Demi Pilpres 24 Simalakama Presidensial Threshold Turun Model Demokrat

Andi Arief selaku Bapilu Demokrat menyerukan agar Jokowi melakukan reformasi   dengan menurunkan PT, presidential  threshold. Hal yang naif, lucu, atau culun ini sih. Bagaimana bisa bisa orang yang bertanggung jawab pada pemenangan konstestasi hanya mikir pokok e syarat diubah.

Beberapa hal menarik di balik gagasan ini,

Pertama, jangan lupa PT naik tinggi itu zaman mereka, SBY-Demokrat berkuasa. Dasarnya jelas untuk bisa menepikan calon pesaing bagi pencalonannya di 2009. Bisa dilihat kepentingan apa atas kebijakan itu. Jauh demi memikirkan negara.

Kedua, kini, tiba-tiba ketika anaknya, AHY kemungkinan sangat besar terganjal aturan yang SBY buat untuk kepentingannya. Siapa tahu dan menyadari tanpa perlu lama ternyata Demokrat terjun bebas. Keberadaan partai mercy tidak cukup meyakinkan publik untuk bertahan.

Ketiga, partai biru ini cenderung menghianati namanya sendiri. Demokrat namun tidak demokratis. Maunya menang saja tidak siap kalah. Padahal jelas-jelas aturan itu untuk kebersamaan, bukan kepentingan sendiri atau kelompoknya saja.

Keempat, memperlihatkan kapasitas Andi Arief itu tidak bisa menjadi ketua pemenangan pemilu, namun mengantar AHY jadi presiden. Orang model demikian, kalau junjungannya jadi pejabat pasti akan ikut dibawa. Negara seperti apa yang akan dibangun, jika politikusnya model seperti itu.

Kelima. Wacana, narasi PT masih diutak-atik, padahal mereka sudah menjajagi kerja sama dengan Nasdem dan PKS. Apakah mereka main dua kaki, dan juga mengharapkan AHY naik sendiri  sebagai capres.
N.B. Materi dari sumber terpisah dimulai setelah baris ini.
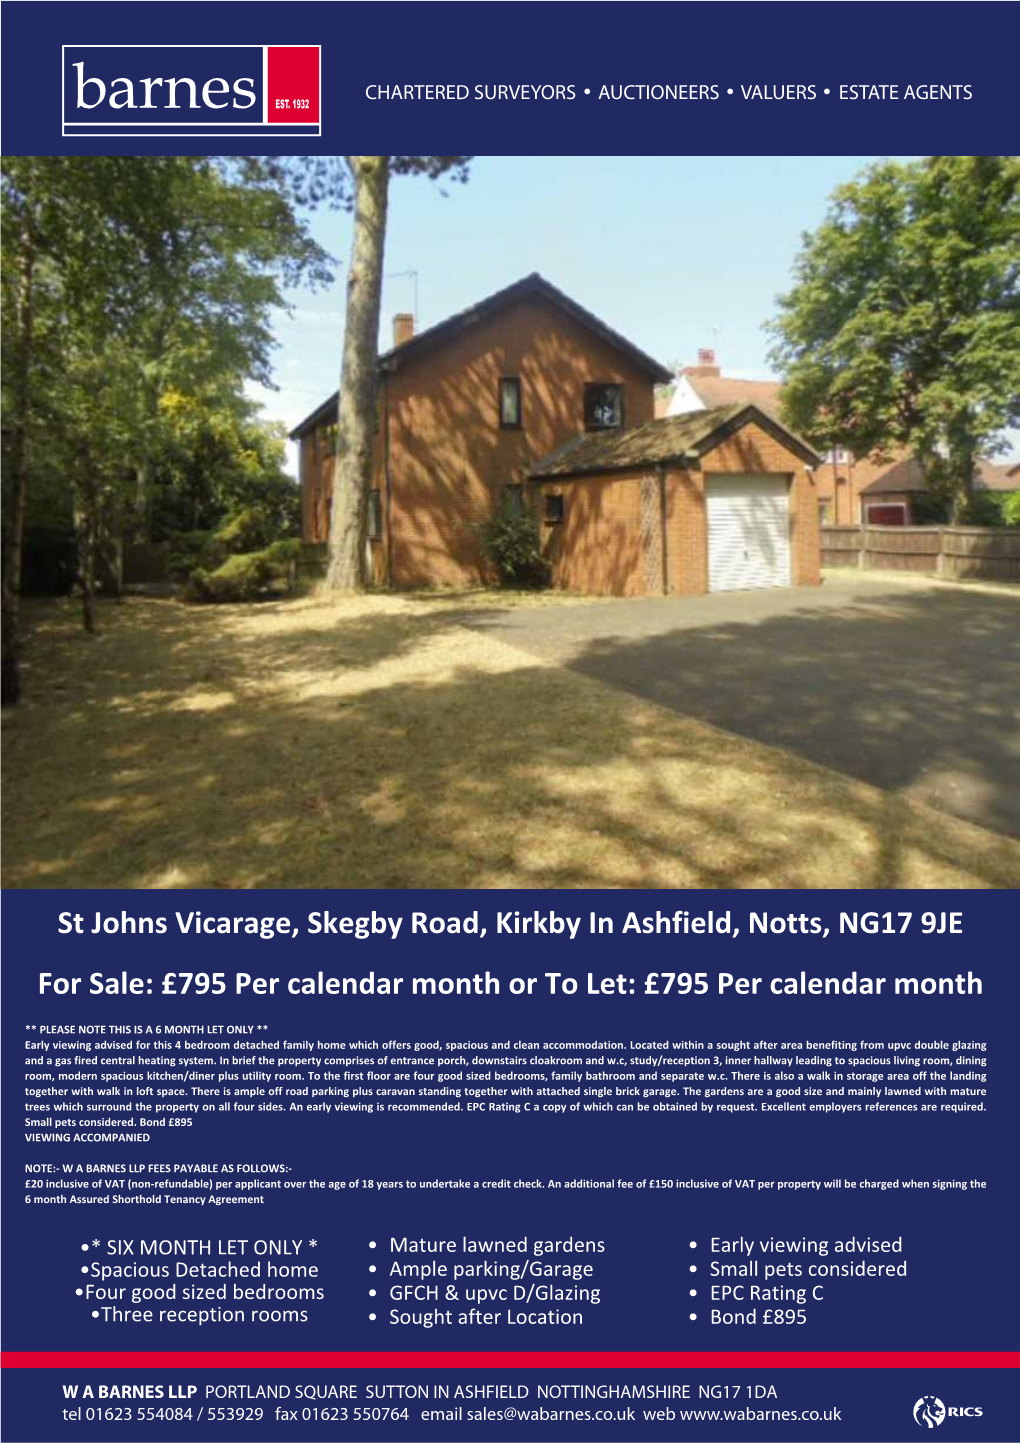 St Johns Vicarage, Skegby Road, Kirkby in Ashfield, Notts, NG17 9JE for Sale: £795 Per Calendar Month Or to Let: £795 Per Calendar Month

Jelas kelihatan muaranya mau ke mana.

Keenam, AHY dengan sokongan Andi Arief seperti ini jelas bukan pemimpin kelas elit. Pemimpin kelas bawah karena visi, misi, dan gagasannya juga cemen. Memenangkan pemilu jelas lebih gede dari sekadar mengantar menjadi capres kemudian keok gasik. Ingat pilkada DKI 2017 saja tereliminasi sejak dini.

Ketujuh, jangan biarkan Demokrat berkuasa lagi. Fokusnya hanya untuk kepentingan diri, kelompok, bahkan hanya keluarga. Ini miris, negara dipertaruhkan untuk keluarga tamak seperti ini. Mereka       tidak pernah berpikir untuk bangsa dan negara.

Lihat saja korupsi merajalela di lingkaran utama mereka. Kini, tidak menjadi penguasa pusat, di daerah-daerah mereka juga jadi pesakitan. Papua, Memberamo Tengah, kasus KPK semua. Mana suara AHY-SBY, kog diam, karena dapat upeti?

Miris hanya mikir PT turun, anak buah maling diam saja. Mosok seperti itu mau dijadikan pemimpin negara. Visinya untuk keluarga bukan negara.